> Work item:
What you write must match, character for character, the lines from the one with "Wayne D. Dosick: Being" down to the one with "Trapeziometacarpal Arthrodesis or" in the listing below, minus its pictures.

> Material shown:

################

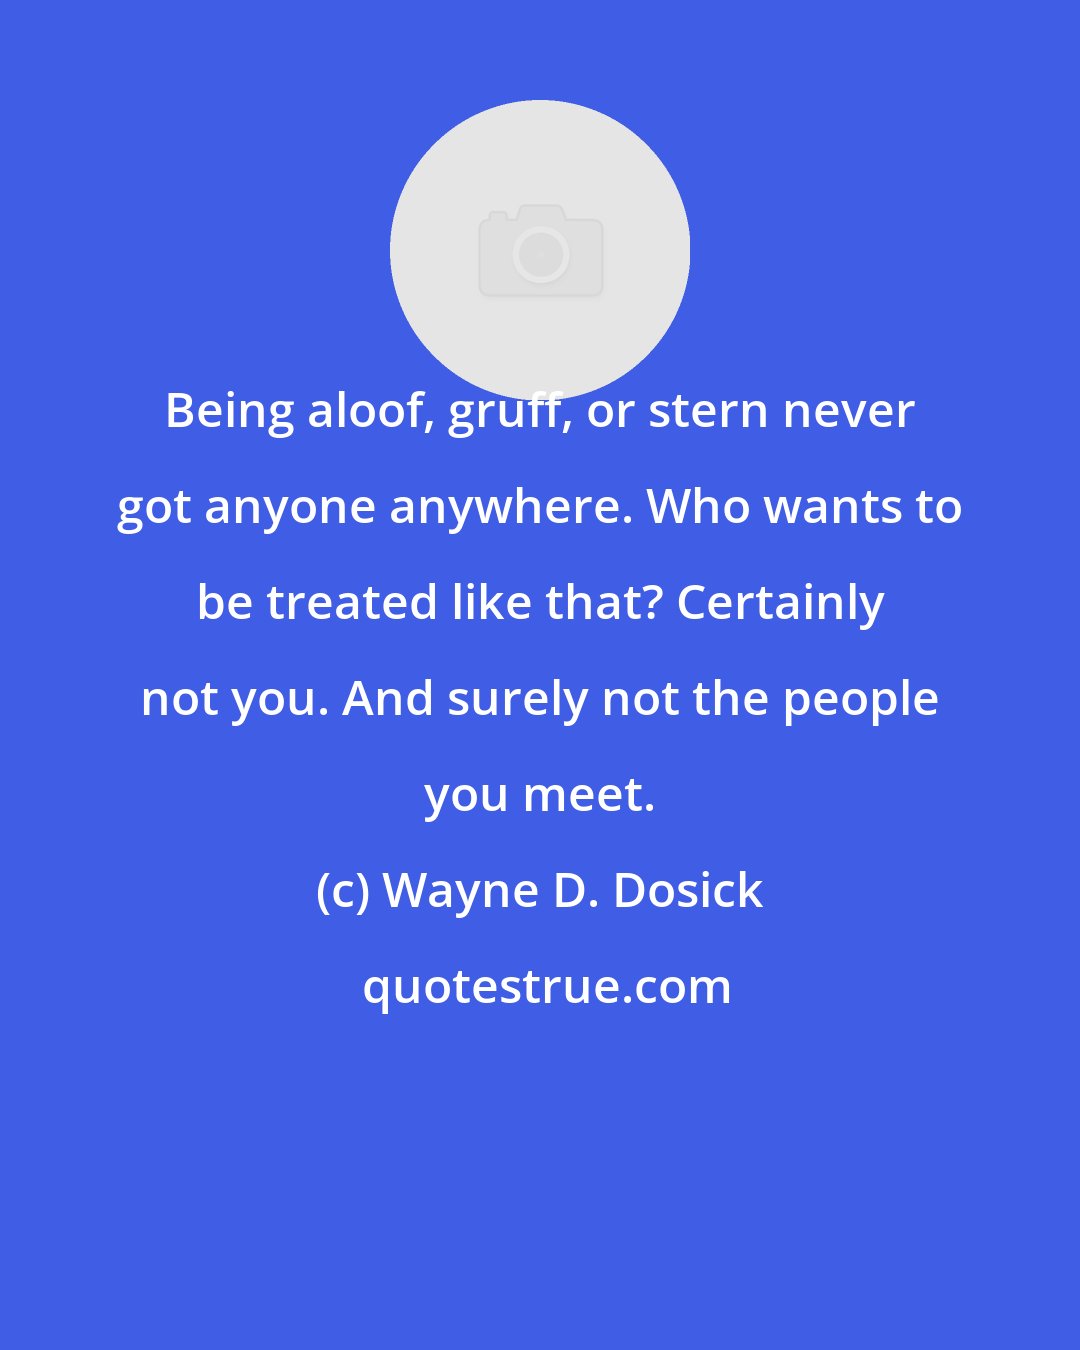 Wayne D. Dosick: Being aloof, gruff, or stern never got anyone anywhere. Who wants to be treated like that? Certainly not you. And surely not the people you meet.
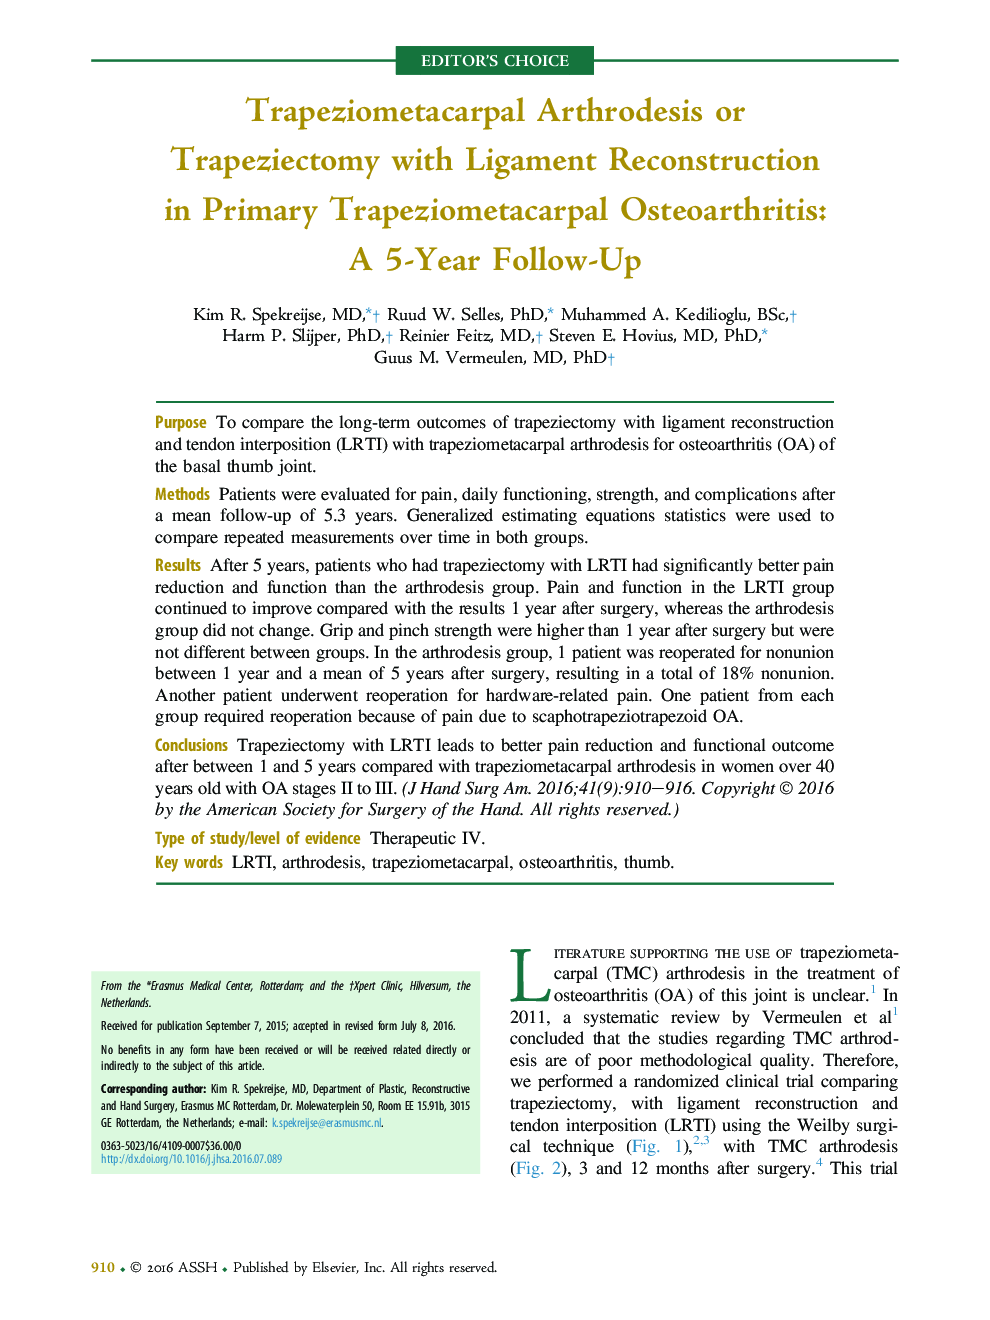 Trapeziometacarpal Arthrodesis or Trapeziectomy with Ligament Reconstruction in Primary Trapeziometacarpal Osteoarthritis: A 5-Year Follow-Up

################

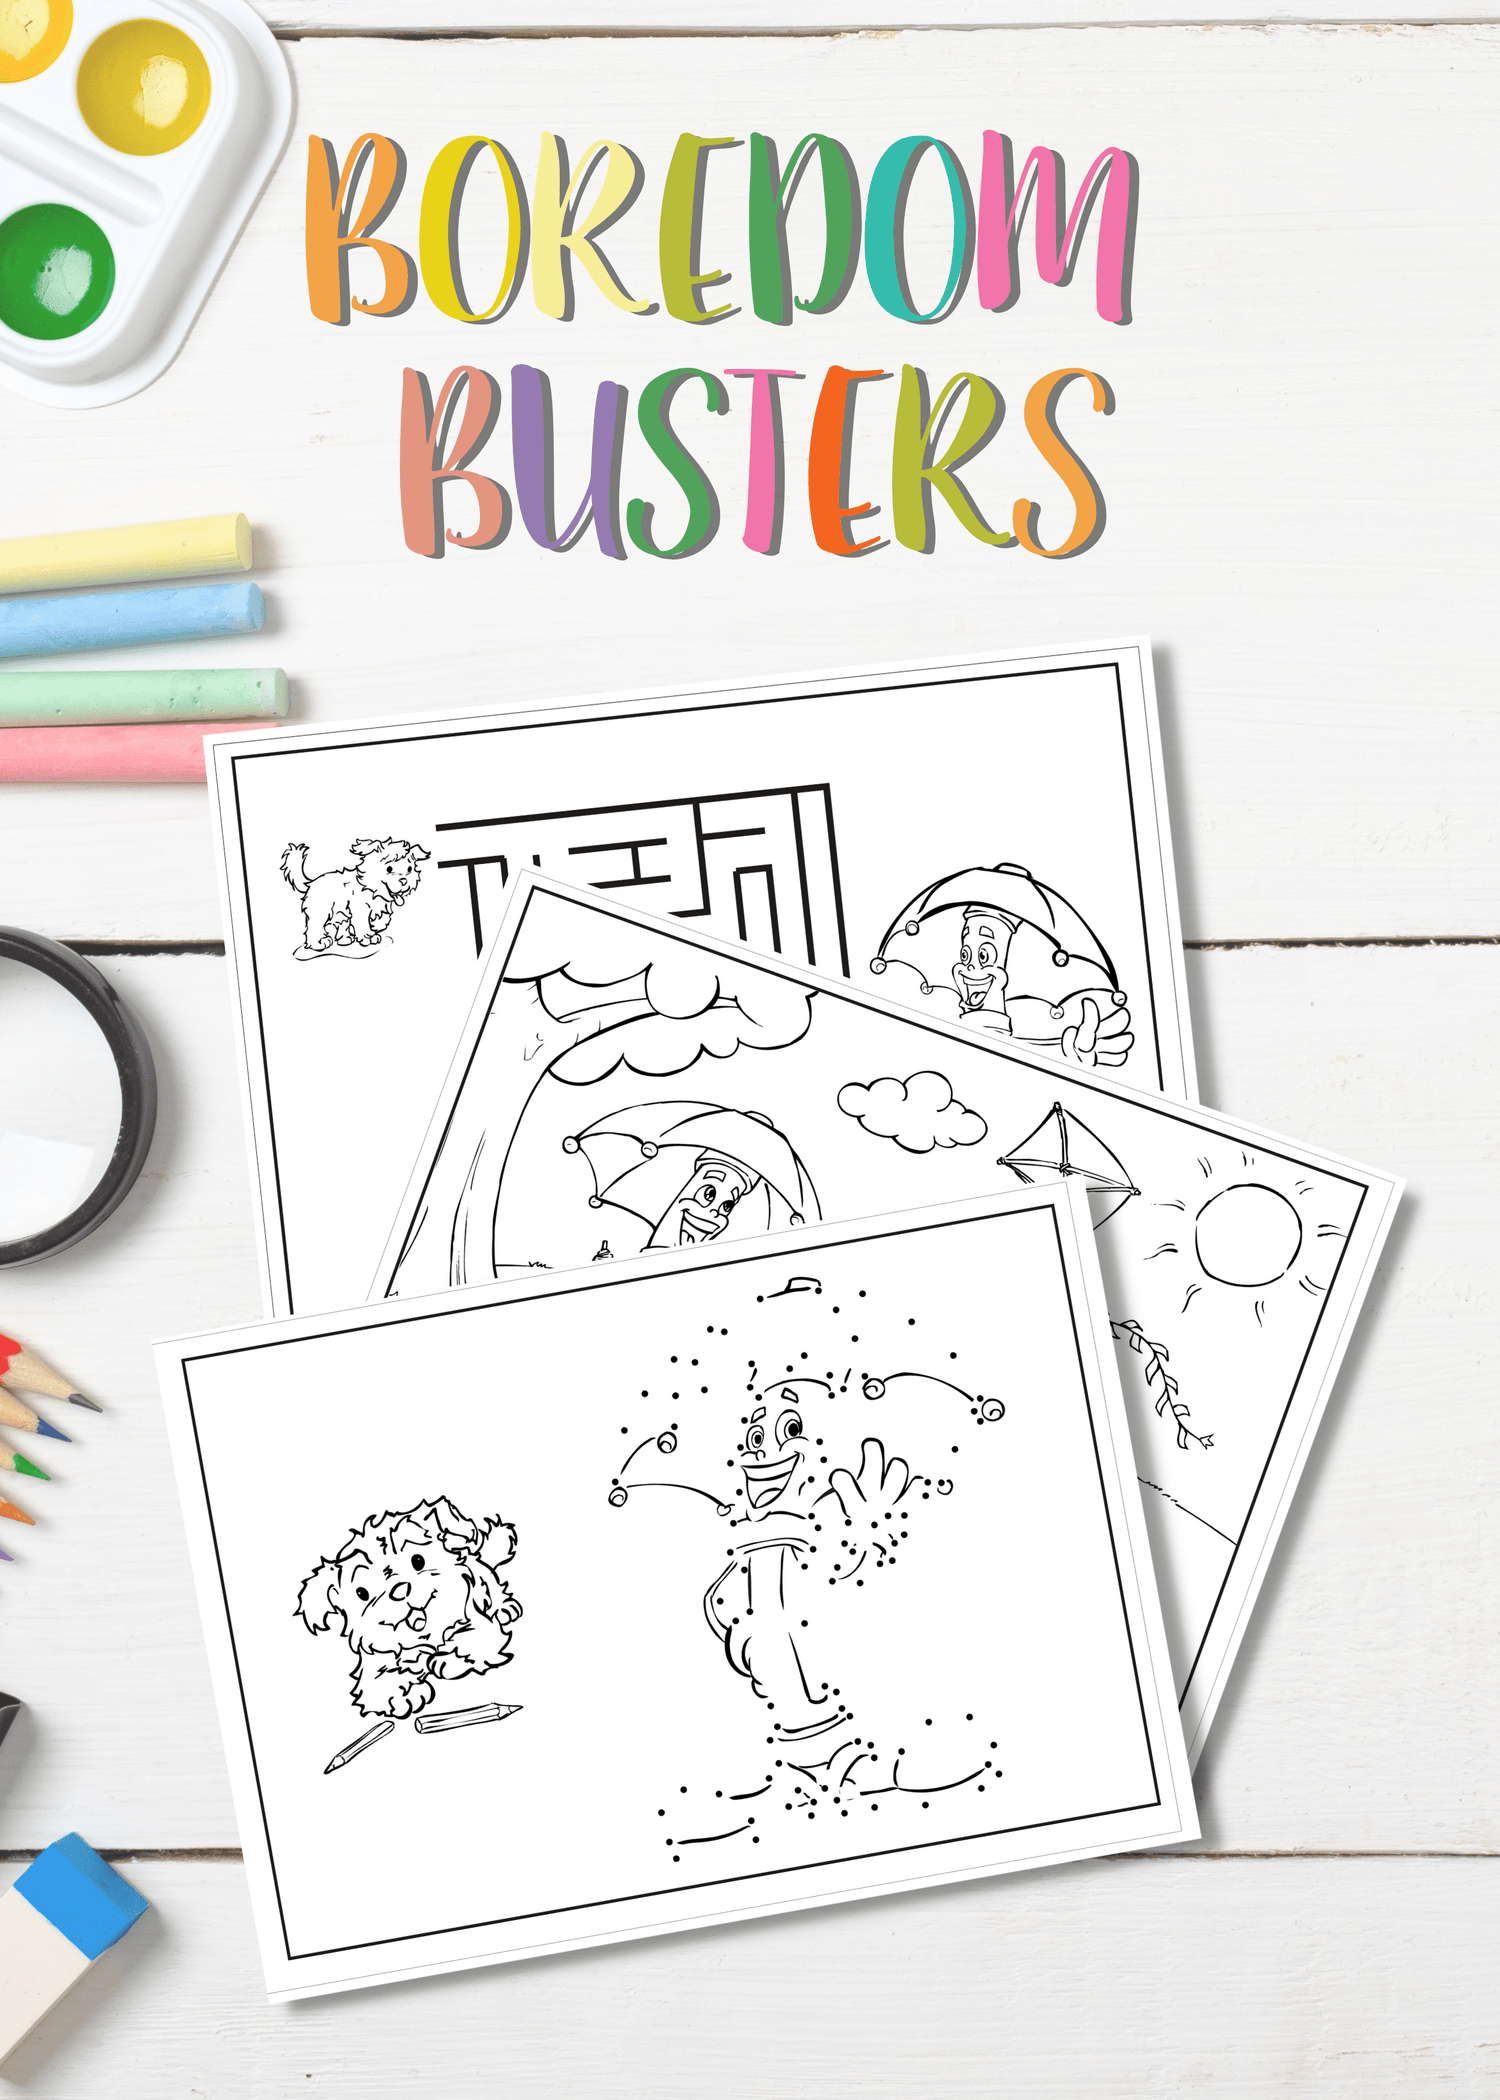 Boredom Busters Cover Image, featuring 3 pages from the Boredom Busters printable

################

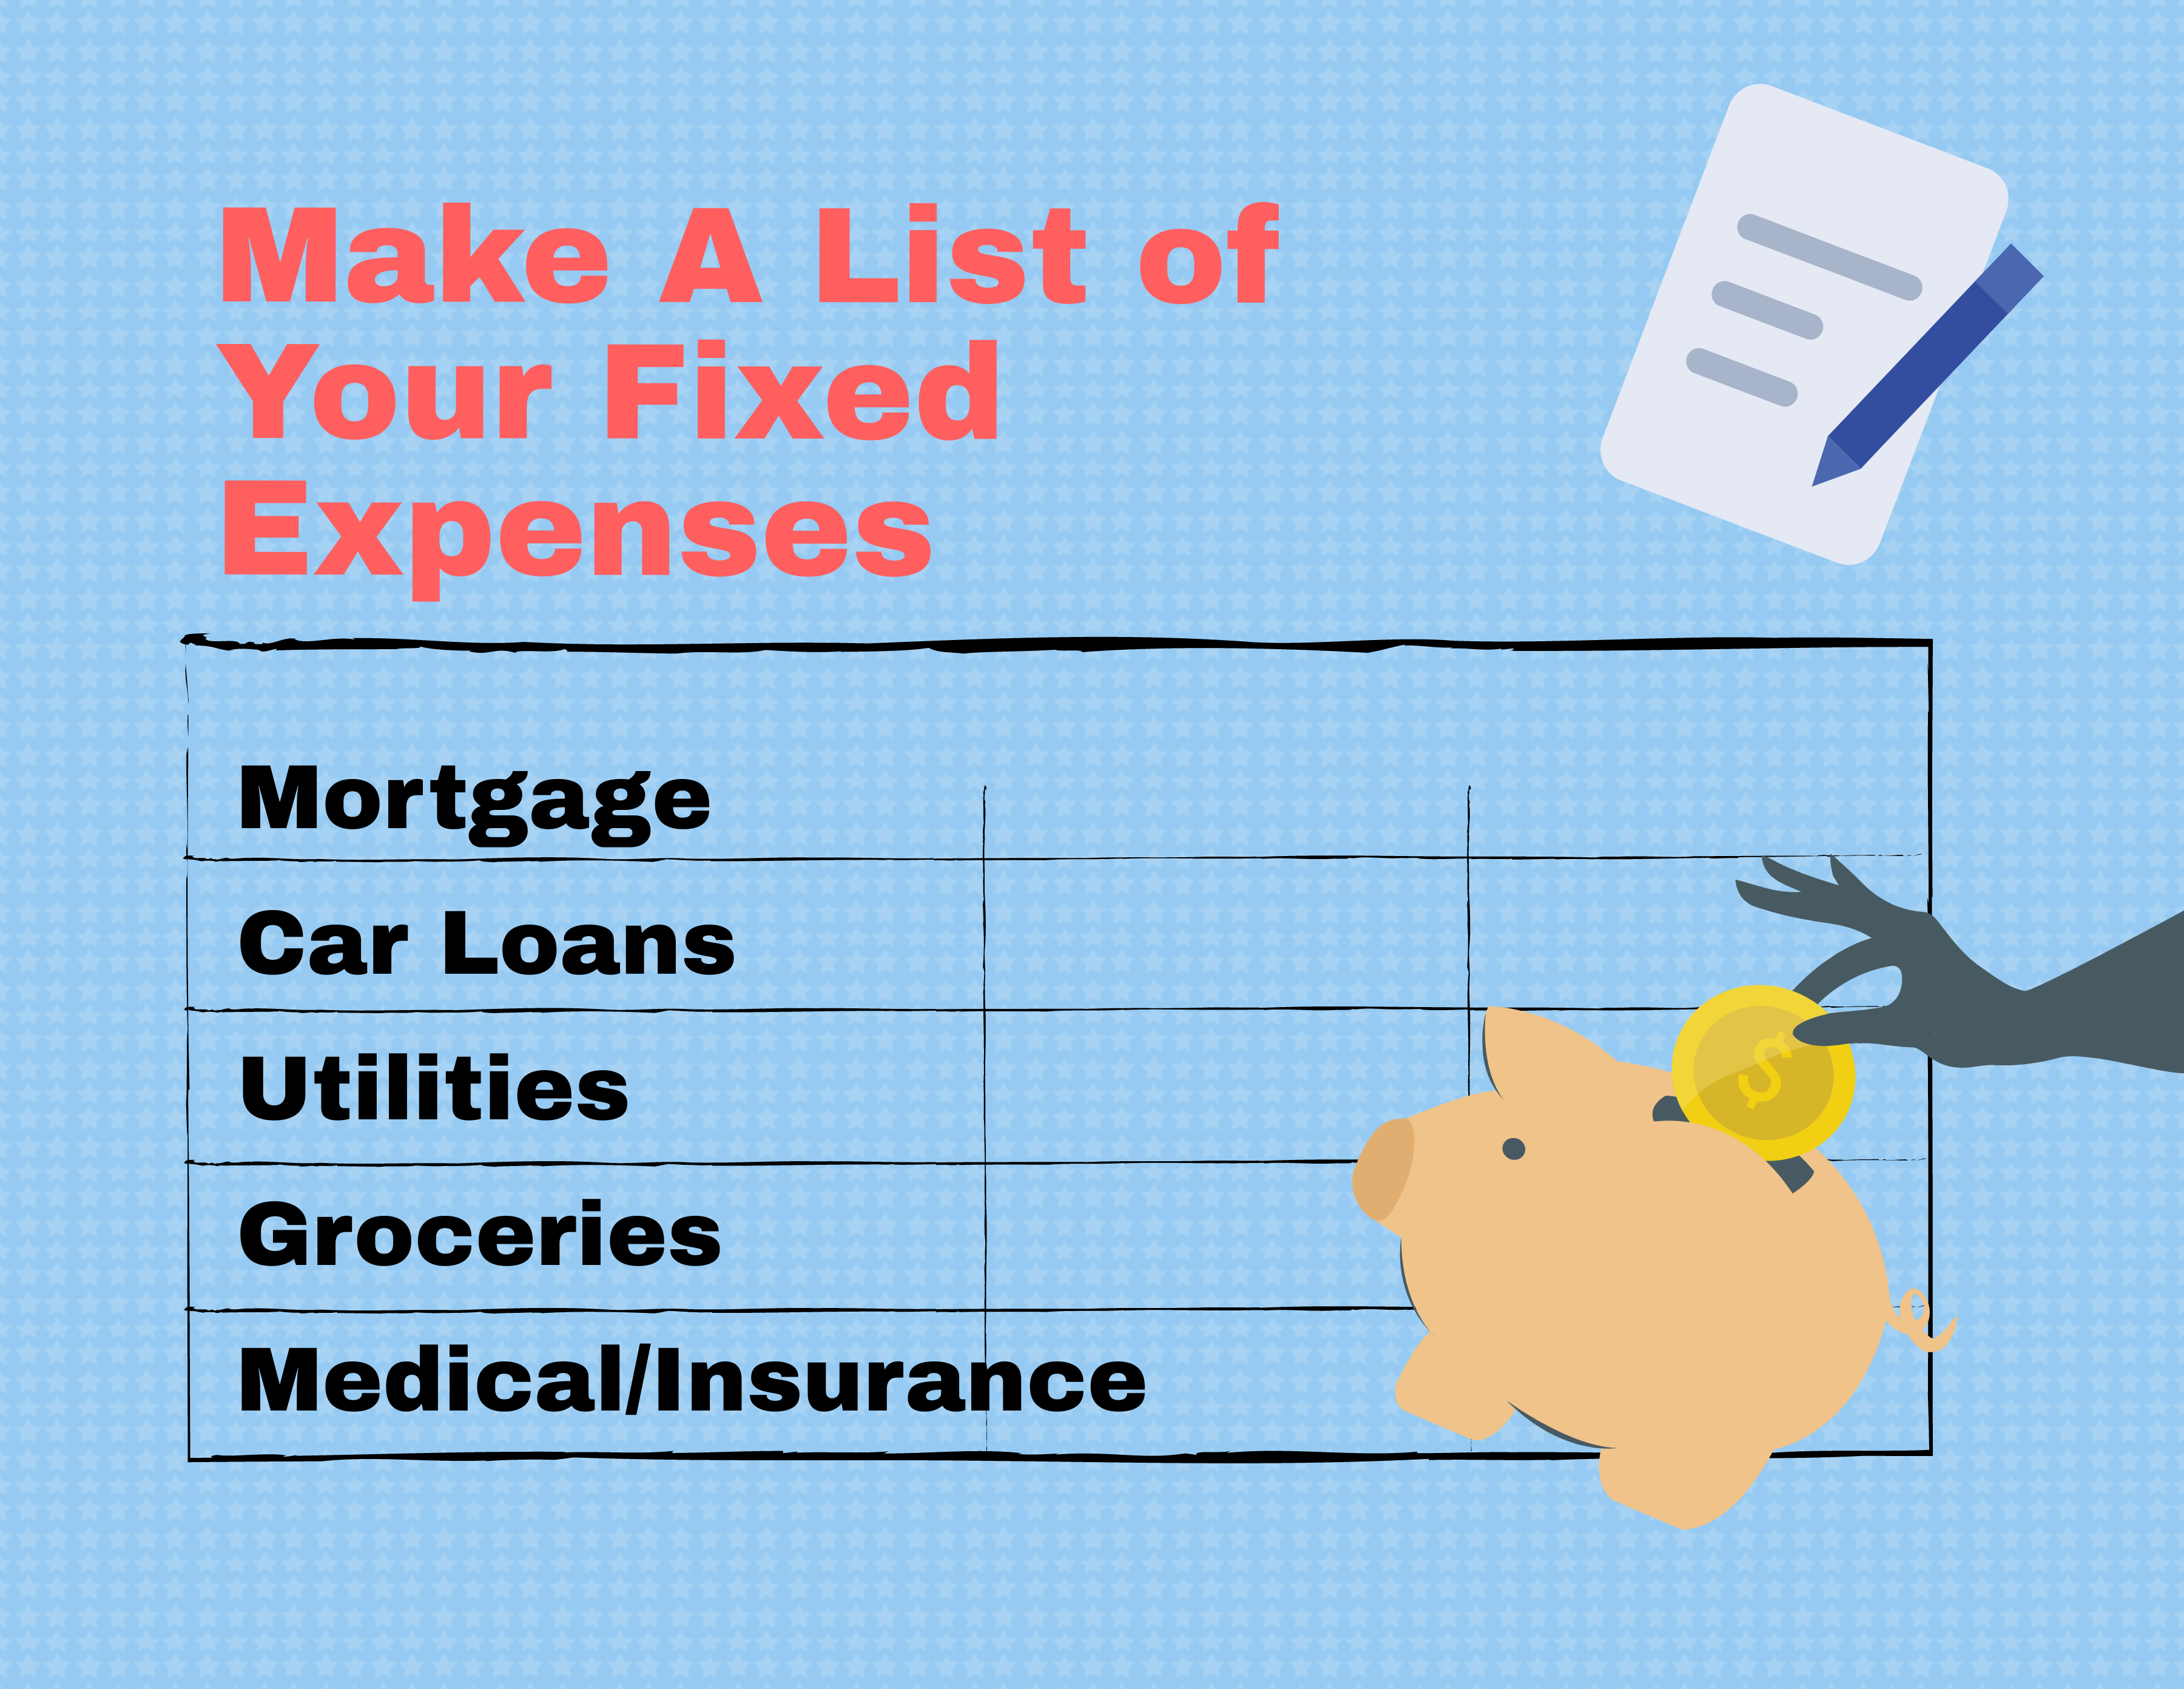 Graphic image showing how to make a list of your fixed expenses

################

> Written answer:
 Wayne D. Dosick: Being aloof, gruff, or stern never got anyone anywhere. Who wants to be treated like that? Certainly not you. And surely not the people you meet.
 Trapeziometacarpal Arthrodesis or Trapeziectomy with Ligament Reconstruction in Primary Trapeziometacarpal Osteoarthritis: A 5-Year Follow-Up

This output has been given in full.